HS Télécom, dont une centaine de travailleurs fourmillent à son siège social à Lévis, cessera ses activités le 31 janvier.

HS Télécom ferme et licencie 140 travailleurs

HS Télécom fermera boutique. Environ 140 travailleurs se retrouveront sur le chômage en janvier.

«Des licenciements avaient été annoncés la semaine dernière, mais là, c’est le couperet qui tombe. C’est l’incompréhension et la stupeur pour nous», a indiqué Philippe Lavoie, président du syndicat de la section locale 2009 d’Unifor.

L’employeur, dont une centaine de travailleurs fourmillent à son siège social à Lévis, cessera ses activités le 31 janvier. L’annonce a été faite aux employés, jeudi.

Il faut dire que les difficultés financières de l’entreprise ne datent pas de quelques semaines.

Au printemps 2017, avant d’effectuer les premières coupes, environ 200 travailleurs étaient à l’emploi de HS Télécom.

Depuis, la direction de la compagnie spécialisée dans le domaine de la câblodistribution, de la téléphonie par câble, de l’internet ainsi que la pose de la fibre optique, a procédé a plusieurs restructurations. Elle a notamment fermé en mai 2017 son bureau en Estrie, 55 travailleurs avaient alors perdu leur gagne-pain. Par la suite, elle a coupé ses antennes à Trois-Rivières, à Victoriaville et au Saguenay-Lac-Saint-Jean.

C’est d’ailleurs dans cette dernière région que l’employeur a annoncé la semaine dernière l’abolition de 25 postes.


« C’était inévitable pour nous de fermer l’entreprise considérant que nous n’avions plus assez de territoires et de travail »
Serge Asselin, président et chef de direction de HS Télécom

Pas une surprise

Pour M. Lavoie, en raison des récentes décisions d’affaires de la direction, la fermeture complète de l’entreprise était «une forte possibilité», bien qu’il concède être sous le choc.

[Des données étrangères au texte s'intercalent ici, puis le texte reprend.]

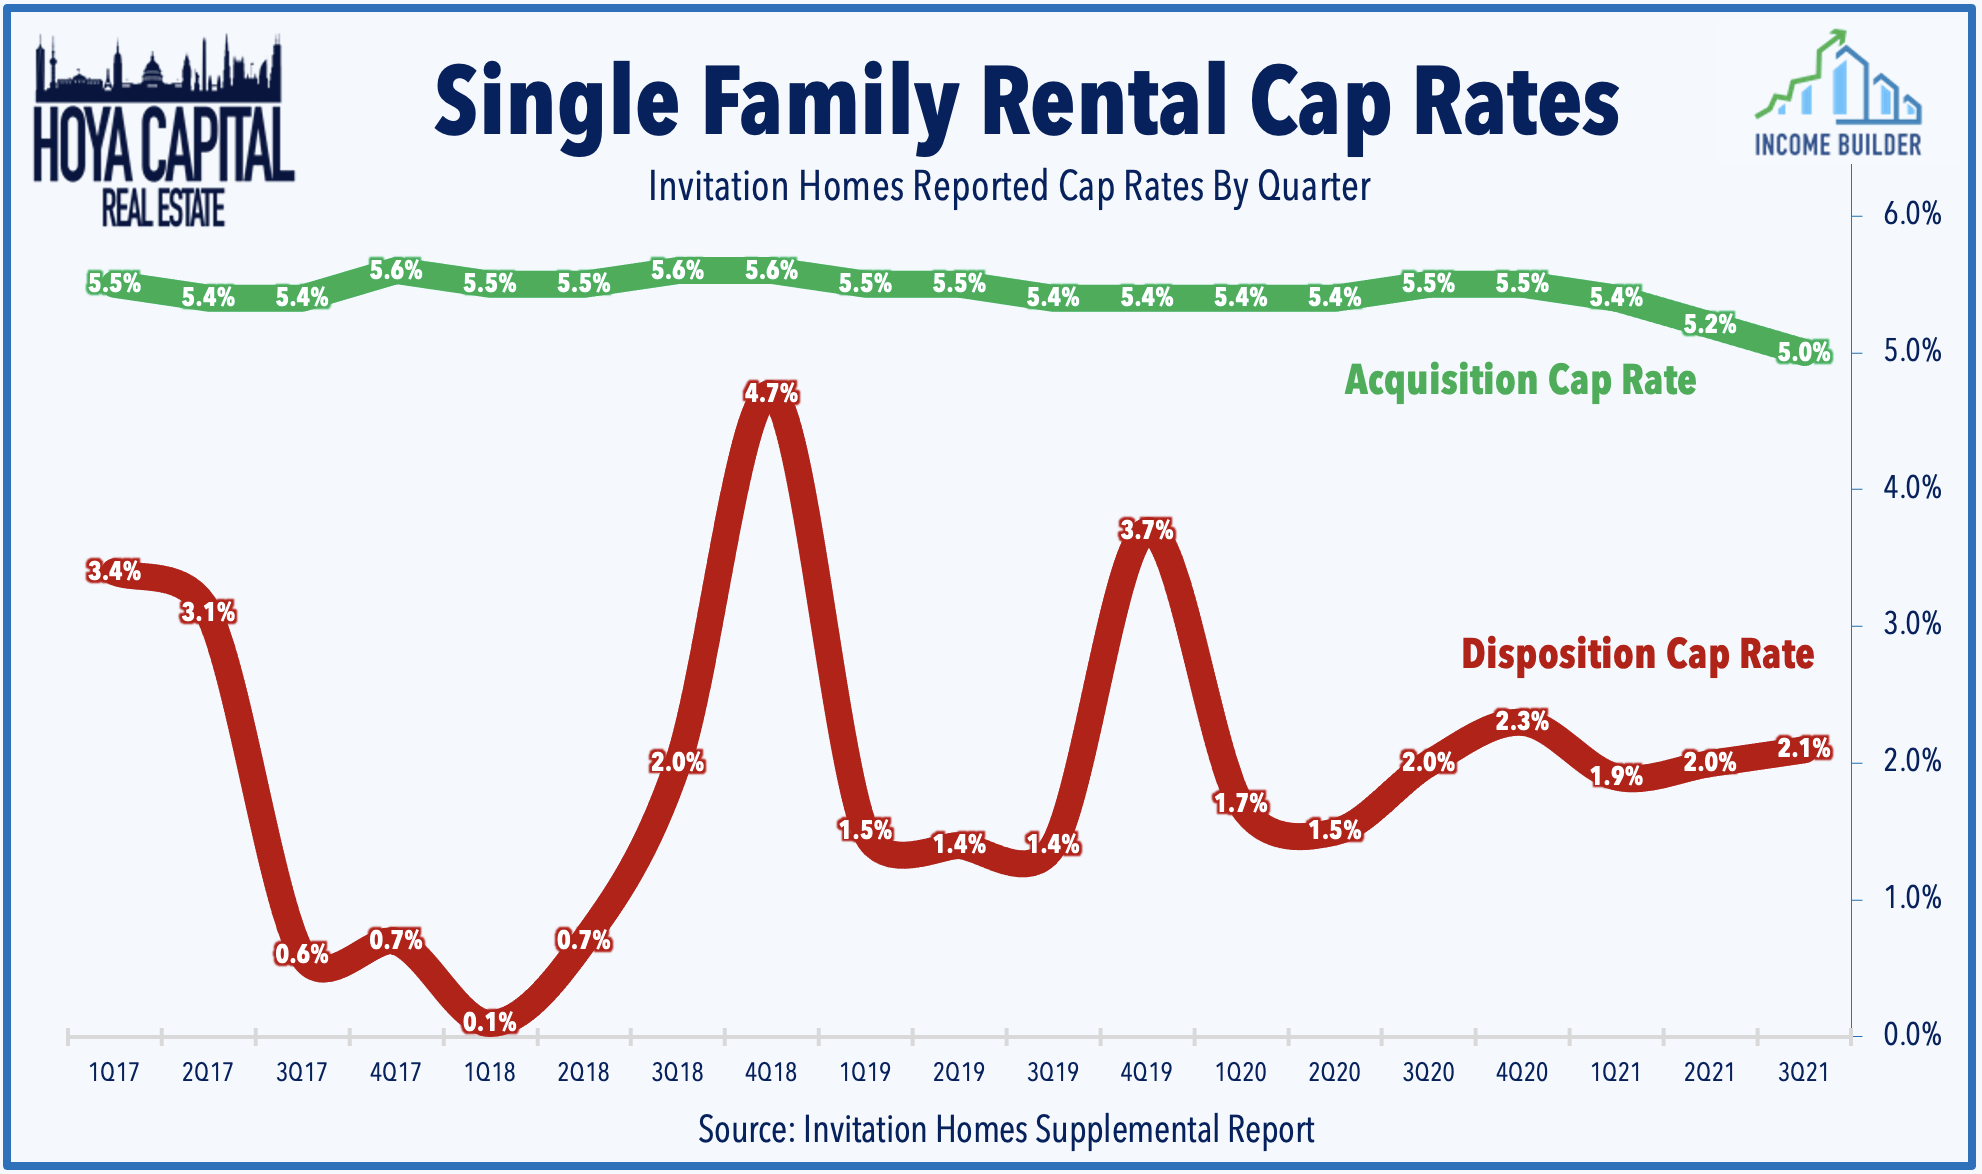 Line chart showing INVH acquisition cap rate consistently 5.0 - 5.6%, with disposition cap rates ranging from 0.1% to 4.7%

«Nous l’avions vu venir au cours des derniers mois avec l’attitude de l’employeur. Nous devions avoir des rencontres pour renouveler la convention collective et il a choisi d’annuler ces événements. Au cours des dernières semaines, il a aussi procédé à la fermeture de trois établissements. Au total, quarante employés ont été remerciés», déplore-t-il.

«Nous avons évolué au fil des ans dans un contexte d’incertitude constant dû au modèle d’affaires de notre entreprise. Nous avons toujours eu un seul client [Vidéotron]», poursuit-il.

Plus assez de boulot

Du côté de HS Télécom, la direction a expliqué au syndicat sa décision par le fait que son carnet de contrats a chuté au cours des dernières années, notamment avec son principal client.

Joint par Le Soleil, le président et chef de direction, Serge Asselin, a tenu à remercier ses employés et à s’excuser pour la tournure des événements.

«Jeudi a été une journée très difficile. Nous sommes rendus ici en raison de l’évolution de la technologie et d’un alignement de chaînes d’événements», explique celui qui occupe des postes de direction dans la compagnie depuis 11 ans. «C’était inévitable pour nous de fermer l’entreprise considérant que nous n’avions plus assez de territoires et de travail», poursuit-il, perdant également son boulot au mois de janvier.

Le patron stipule que la décision de fermer complètement a été prise par la famille Gauthier, aussi propriétaire de TCI Télécom, au cours des dernières semaines.

Selon lui, les conventions collectives de certaines entreprises de télécommunications faisant appel à des sous-traitants sont en partie responsables de cette fermeture. Il mentionne que les compagnies de sous-traitance dans son secteur d’affaires sont devenues «quasi inexistantes».

Un comité de reclassement sera mis sur pied au cours des prochaines semaines. La compagnie HS Télécom avait été fondée dans la région de Québec en 1989.